这话看似是说给女儿的,其实更多是说给李恒听的。
潜在目的是旁敲侧击李恒,让他带女儿回家过年。
一个女人以什么样的身份跟随男方回家过年最适合?
答案当然是妻子。
这句话的内核,“娶诗禾”三个字就差明着说出来了。
周诗禾自是听懂了亲妈的话,扫一眼李恒,怕他为难,于是抢在他开口之前说:“好。”
毕竟她逼宫归逼宫,可要是亲妈一块加进来,李恒压力会非常大,可能会物极必反。
所以,周诗禾这样贴心处理。
当然,她也明白亲妈的苦衷:妈妈可能是怕万一这病没治好早早离开了人世,担心女儿的婚姻没着落,才在今天顺势说叨了一番。
要是搁平时,如果有大把时间,林薇压根不会这么急。
李恒两世为人,也同样能理解林薇,理解这位岳母娘的良苦用心。
当着林薇的面,李恒握住周诗禾的手心,认真说:“妈妈你放心,将来过年过节,只要我回老家,都会带诗禾一起。”

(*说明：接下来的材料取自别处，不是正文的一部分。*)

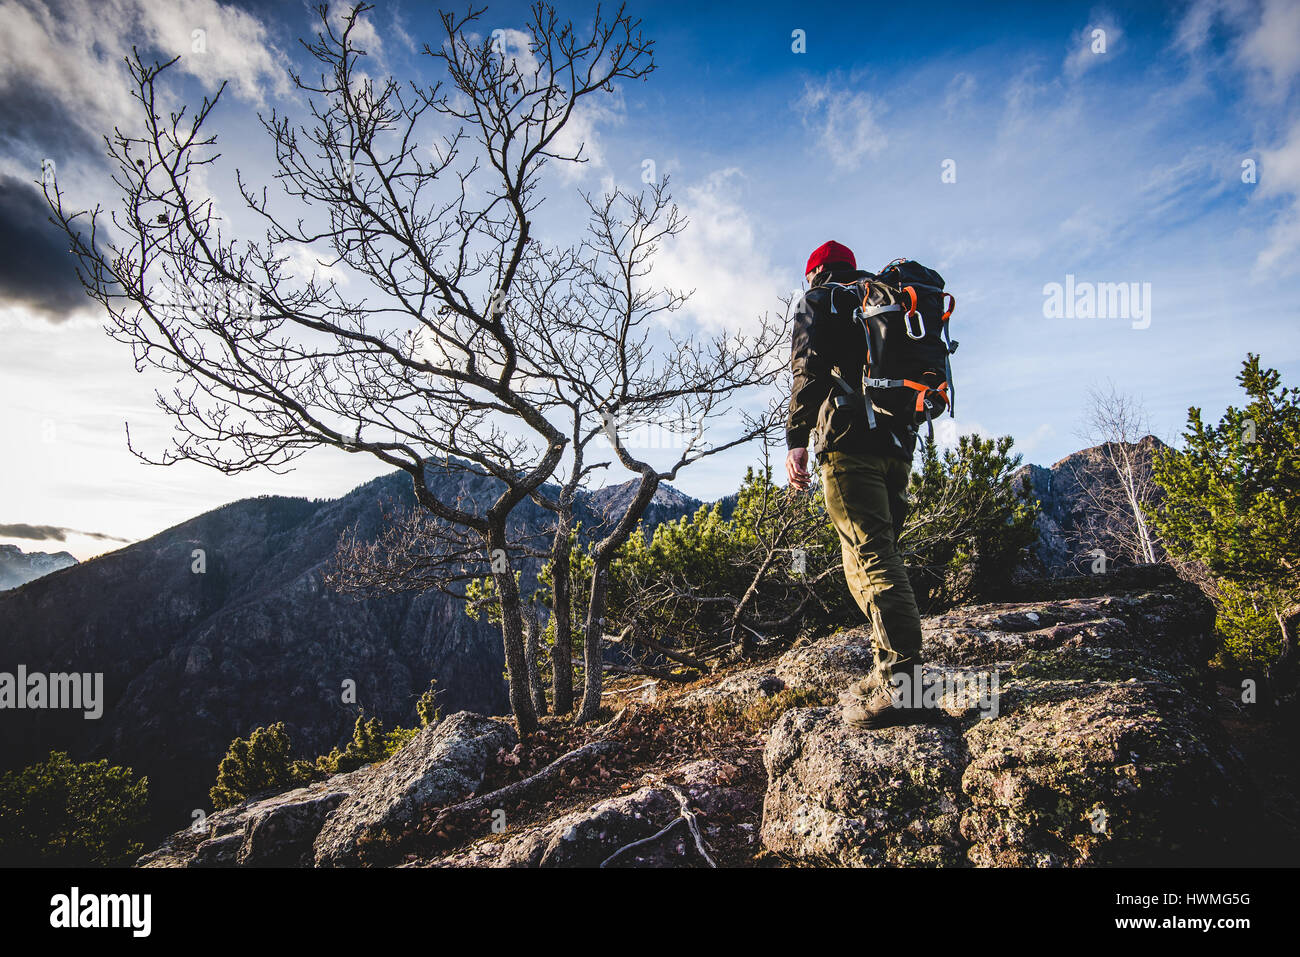 Wanderer zu Fuß auf einem Bergweg in den Wald - Fernweh Reisekonzept mit sportlichen Menschen auf der Exkursion Stockfoto

他依然没有承诺毕业就娶诗禾,因为他不能、也不愿对宋妤食言。
但这也算是一种变相交底。
林薇心里有些小落差,但也知道他的实际情况,也知晓今天能得到他这句话已经算是很大的收获了,当即笑笑:“到时候多拍几张照,我就后悔年轻时候没在乡下农村多拍几张照片,以至于好多有趣的场景现在只能凭记忆回想。”
李恒点头:“成,拍照片我可是一把好手。”
聊乡下生活,聊未来愿景,此时此刻,三人没有任何隔阂,其乐融融。
后来起风了,周诗禾生怕亲妈受凉,站起身,给李恒一个眼神暗示。李恒立马心领神会,跟着站起身,两人一左一右陪着林薇回了家。
有些巧,进门的时候刚好看到奶奶在门口烧香烧纸,嘴里念念有词,声儿不大,但非常快速,好似在为儿媳妇祈祷,说求各路菩萨保佑林薇身体尽快好起来之类的。
林薇没有急着进屋,就在边上静静地看着钱纸香烛,看着这待自己如亲生女儿一样的好婆婆,不知什么时候起,眼泪不经意间就蓄满了眼眶。
但她是一个倔强之人,不愿把自己柔弱的一面在人前显露出来。
林薇硬是把眼泪逼了回去,然后没有惊动婆婆,不动声色进了屋。